- _WHAT TO WORK ON_: In the entries that follow, the first line to write out is the one containing "Hockey in Celina, Texas?", and the last is the one containing "Red heart and". Reproduce that stretch exactly, with nothing before or after it.

*** Opening EXCERPTED RECORDS ***

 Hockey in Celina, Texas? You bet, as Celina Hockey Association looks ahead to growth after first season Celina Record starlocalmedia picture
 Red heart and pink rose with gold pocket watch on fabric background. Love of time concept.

*** Closing EXCERPTED RECORDS ***
*** Opening EXCERPTED RECORDS ***

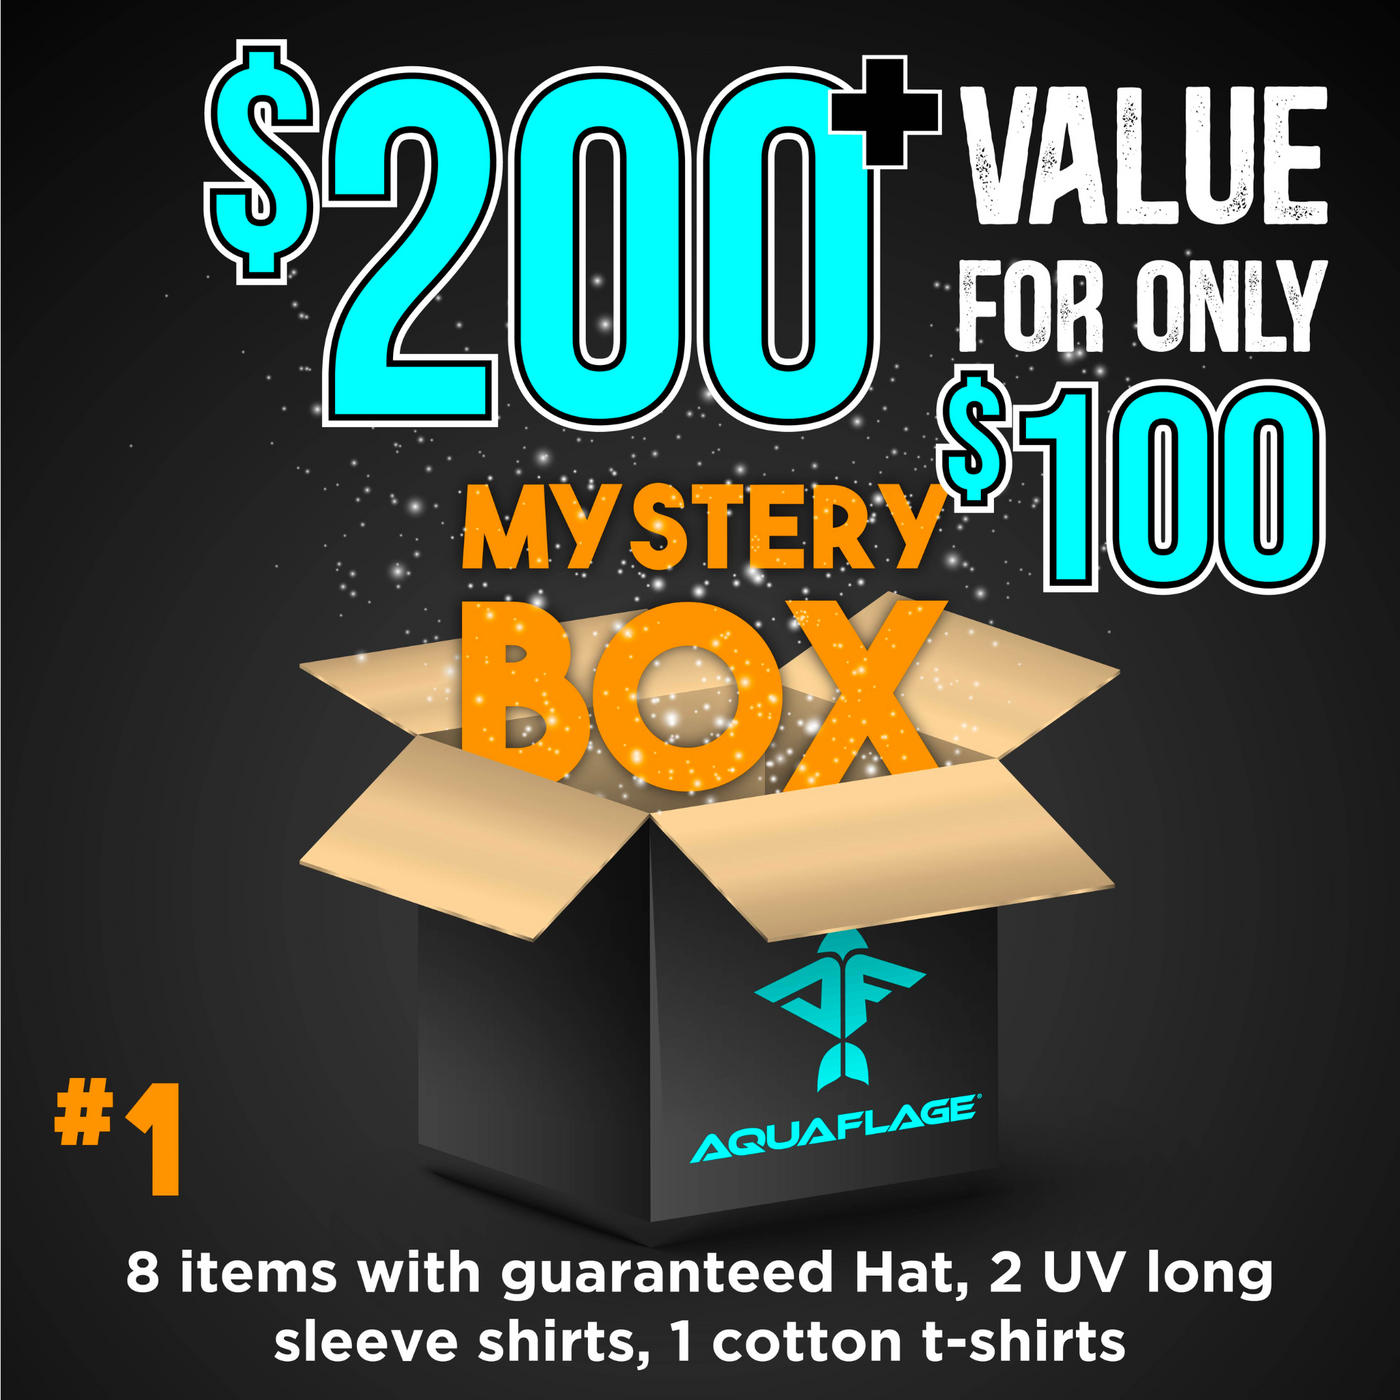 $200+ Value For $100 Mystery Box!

*** Closing EXCERPTED RECORDS ***

- _EXPECTED OUTPUT_:
 Hockey in Celina, Texas? You bet, as Celina Hockey Association looks ahead to growth after first season Celina Record starlocalmedia picture
 Red heart and pink rose with gold pocket watch on fabric background. Love of time concept.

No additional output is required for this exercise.